Ils ont une efficacité de filtration bactérienne (BFE) de 95 %.
Ce type de masque facial ne peut pas être utilisé par les professionnels de la santé dans les théâtres ou dans des environnements similaires.

    Type II (EN14683)
    Ils assurent une filtration bactérienne et ne doivent être utilisés que par les patients et d'autres personnes afin de réduire le risque de propagation du virus.
    Ils ont une efficacité de filtration bactérienne (BFE) de 98 %.

    Type IIR
    Ce type de masque est une sous-catégorie du type II, et il présente les mêmes caractéristiques, mais le "R" signifie que le masque est résistant aux éclaboussures.
    Ils ont une efficacité de filtration bactérienne (BFE) de 98 %.

    Masques respiratoires
    Ils offrent une plus grande protection que les masques chirurgicaux, car ils peuvent filtrer les particules de petite et de grande taille, et ils sont réservés aux professionnels de la santé travaillant dans un environnement clinique.
    En Europe, ils doivent être conformes à la norme européenne EN 149:2001.
    Les praticiens de santé doivent être entièrement formés et effectuer un "test d'ajustement" avant de les porter pour s'assurer qu'ils peuvent obtenir le niveau de protection offert par ces masques.
    La durée de port doit être inférieure à 8 heures par jour.

    FFP1
    Ces masques filtrent >80% des aérosols.

    FFP2
    C'est l'équivalent du masque respiratoire N95. Ces masques filtrent >94% des aérosols.

    FFP3
    Ces masques filtrent >99% des aérosols. Ce sont les plus efficaces en matière de filtration, et ils sont généralement utilisés pour manipuler l'amiante.

    Masques antiviraux
    Conçus et développés par des scientifiques de l'université de Nottingham Trent (Royaume-Uni), ces masques ont prouvé qu'ils tuaient jusqu'à 99,9 % des coronavirus dans les 5 minutes suivant le contact.
    Ces masques sont composés de 5 couches, dont une couche interne qui incorpore des nanoparticules de cuivre.

    Masques avec valve
    Ces masques (généralement médicaux ou en tissu) sont dotés d'une valve qui facilite la respiration.
    Malheureusement, ils n'offrent pas de filtre pour l'air inspiré et expiré ; ils ne sont donc pas recommandés à des fins antivirales.
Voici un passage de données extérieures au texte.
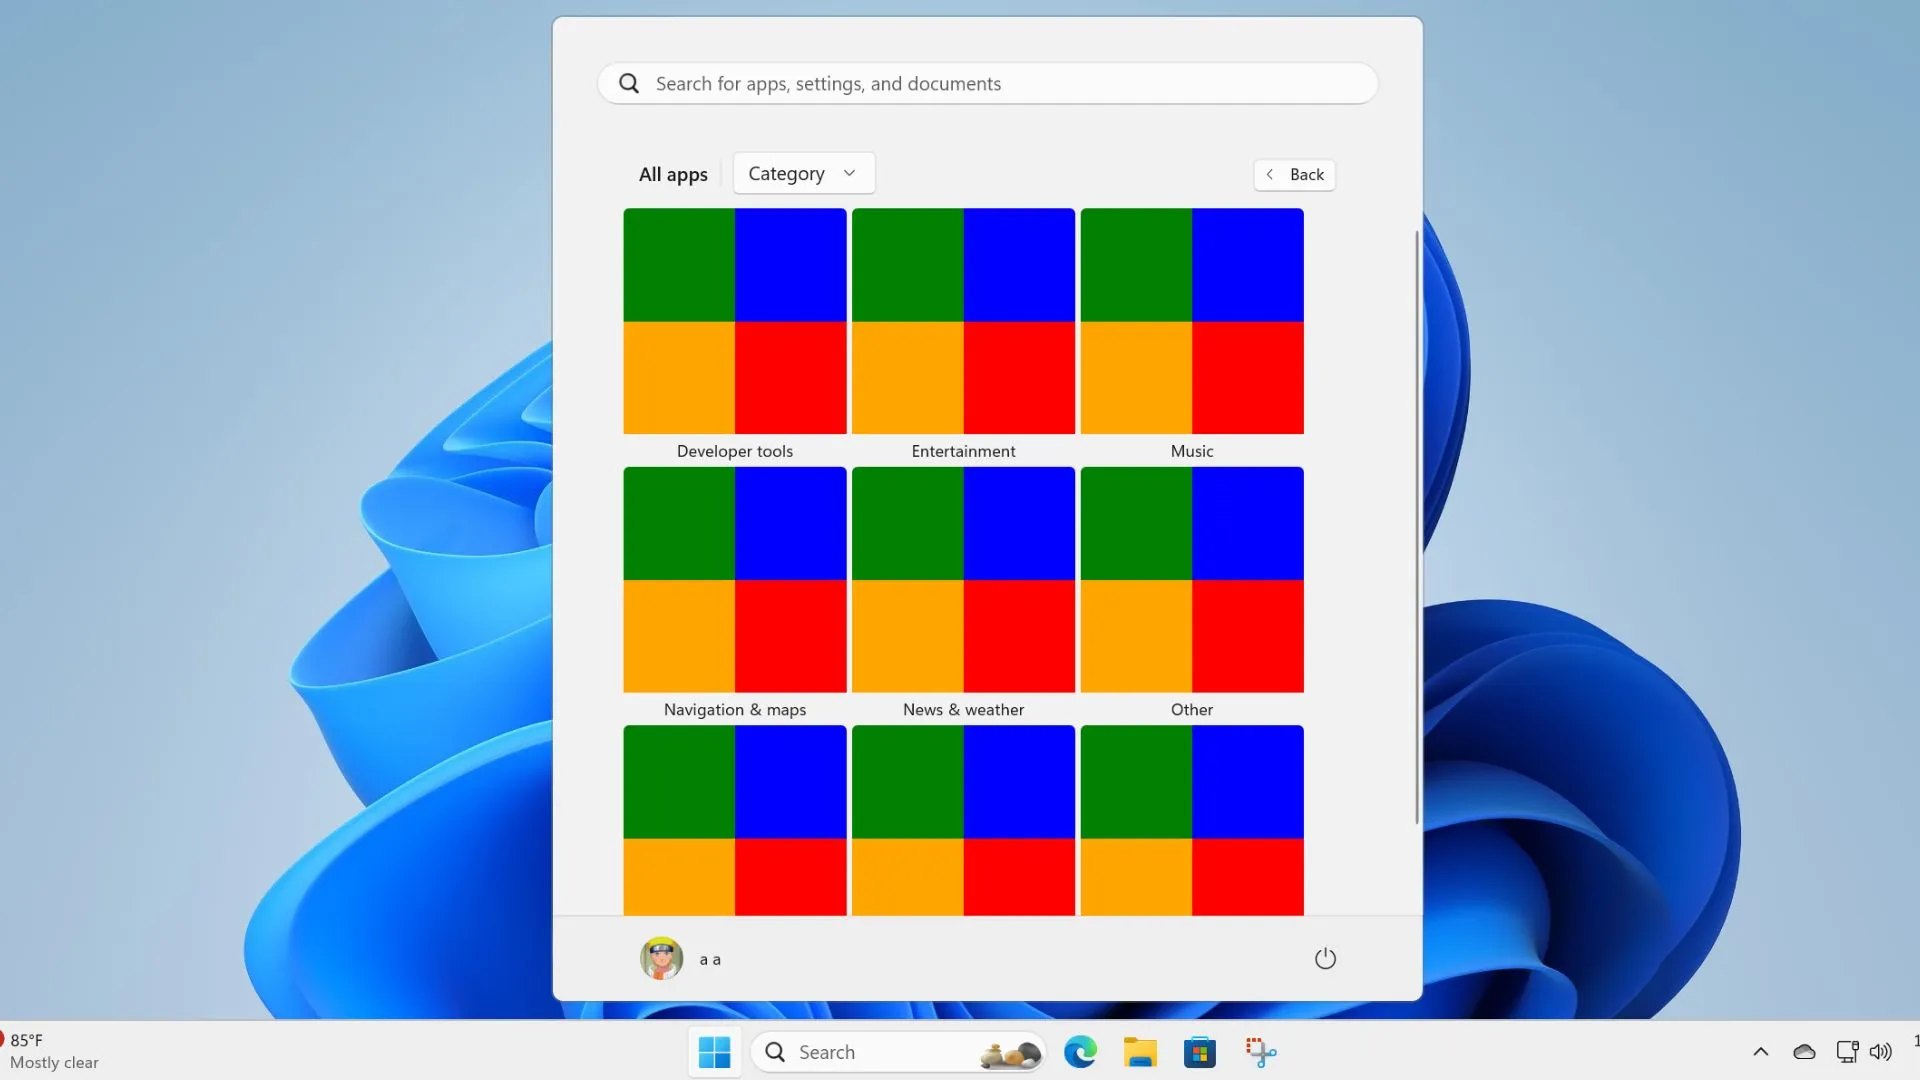 Windows 11 Startmenu opnieuw ontworpen met nieuwe categorie, rasterindeling

    Masques technologiques
    Certaines entreprises technologiques du monde entier fabriquent des masques qui intègrent des fonctions de haute technologie.
    Il peut s'agir de masques transparents à LED avec ventilateurs, de niveaux de filtration supérieurs ou comparables à ceux d'un masque respiratoire N95, d'une recharge USB et de capteurs intelligents.
    Les prix commencent à 100 USD pour le plus simple d'entre eux et augmentent considérablement en fonction des fonctionnalités proposées.

    Écrans faciaux
    Il n'est pas recommandé de porter un écran facial seul sans utiliser de masque facial, car on ne sait pas exactement quel niveau de protection il peut offrir.
    Ils peuvent être portés avec un masque facial pour une protection supplémentaire, notamment dans les environnements cliniques.